*** Collected material ***
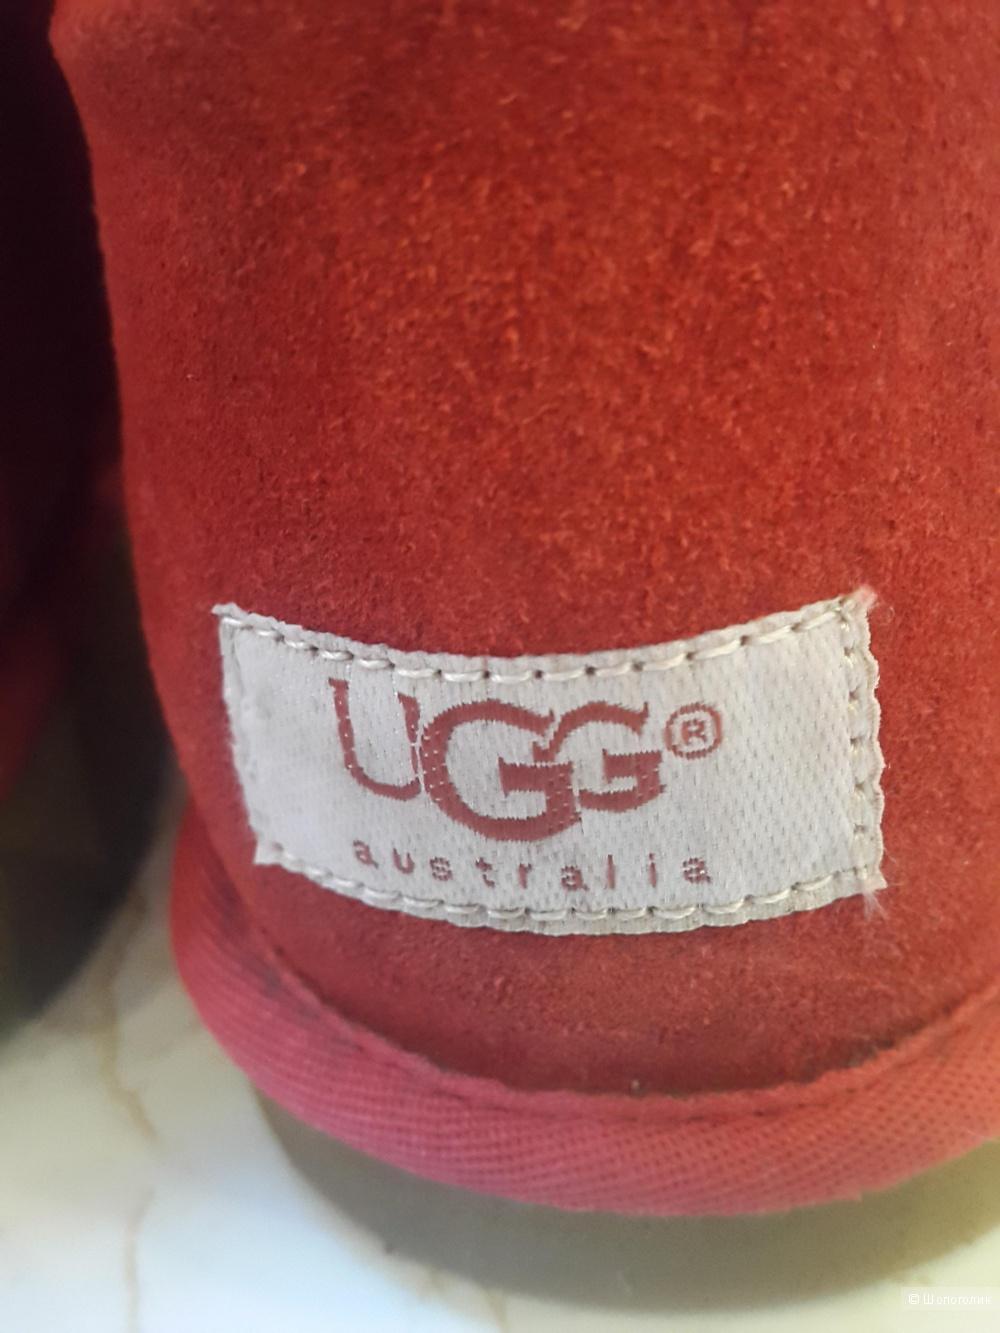 Сапоги Ugg Australia размер W9
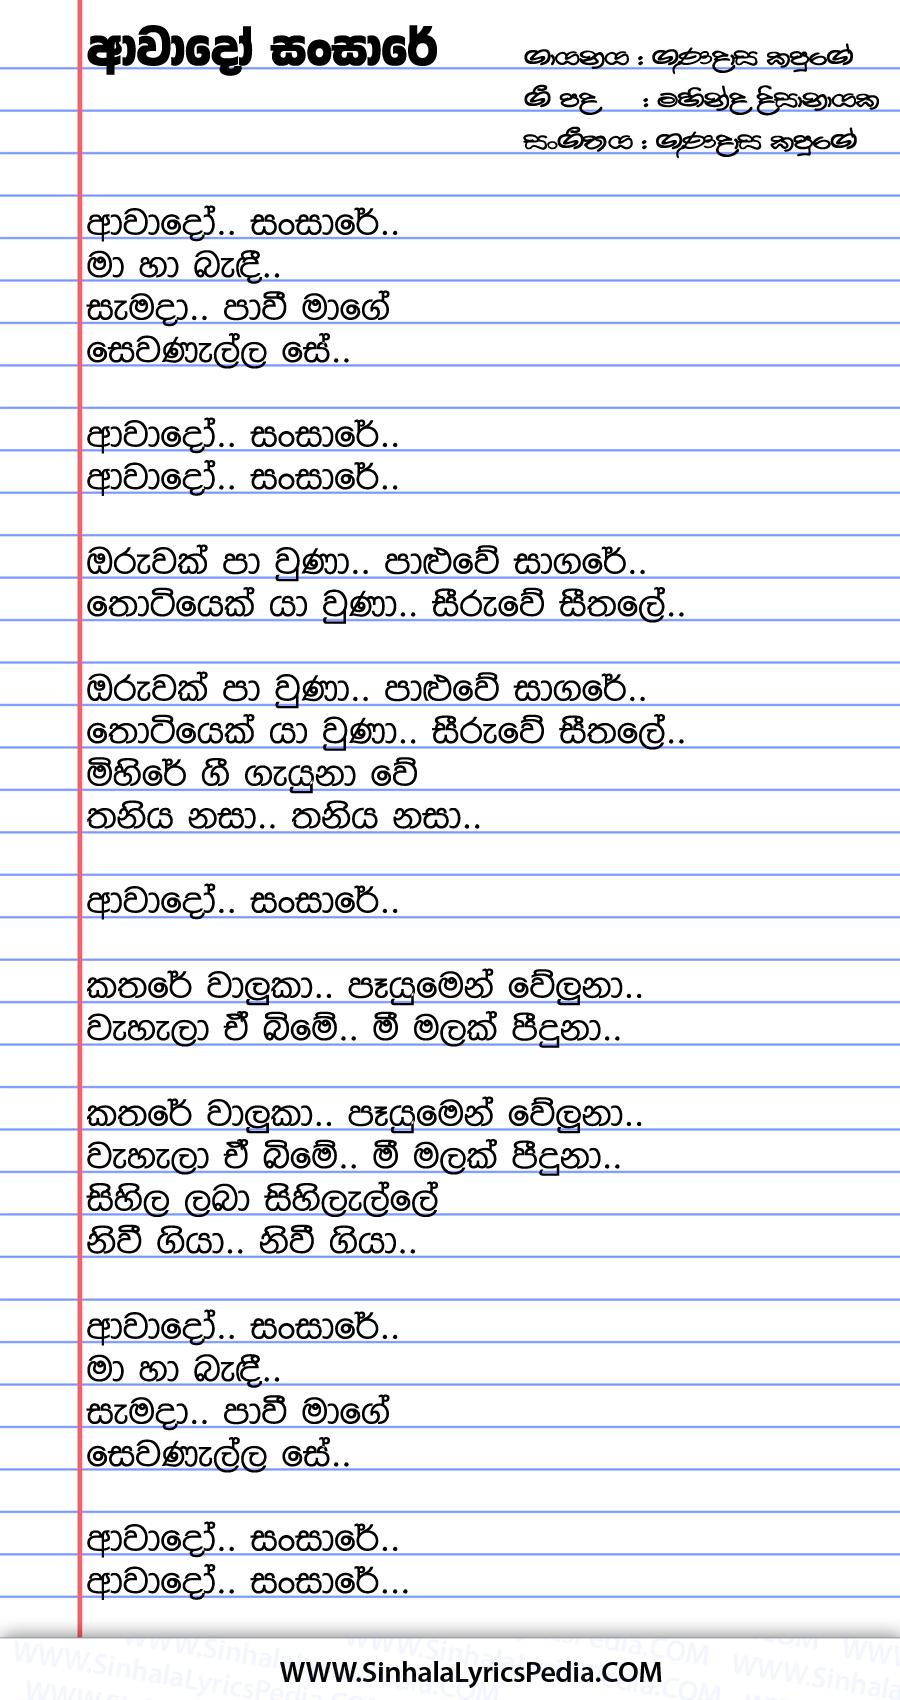 Awado Sansare Ma Ha Badi Samada Pawee Song Lyrics
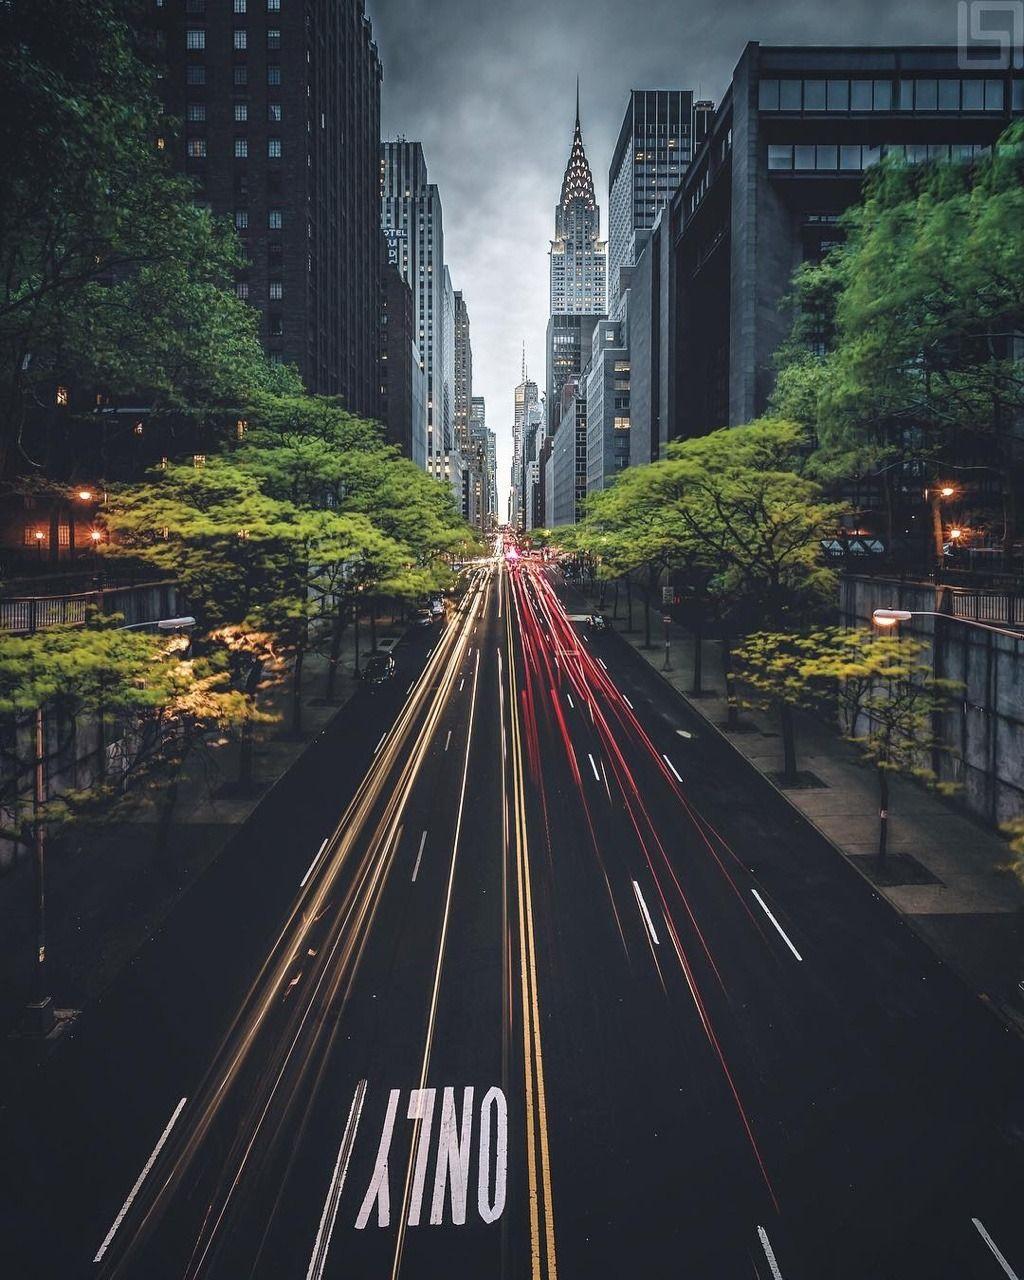 Tudor City Nyc By Paul Seibert Photography Pseibertphoto City Landscape Urban Landscape New York Life
*** End of Collected material ***
* _Task instructions_
Retype the listing exactly and drop the pictures.

* _Answer space_
 Сапоги Ugg Australia размер W9
 Awado Sansare Ma Ha Badi Samada Pawee Song Lyrics
 Tudor City Nyc By Paul Seibert Photography Pseibertphoto City Landscape Urban Landscape New York Life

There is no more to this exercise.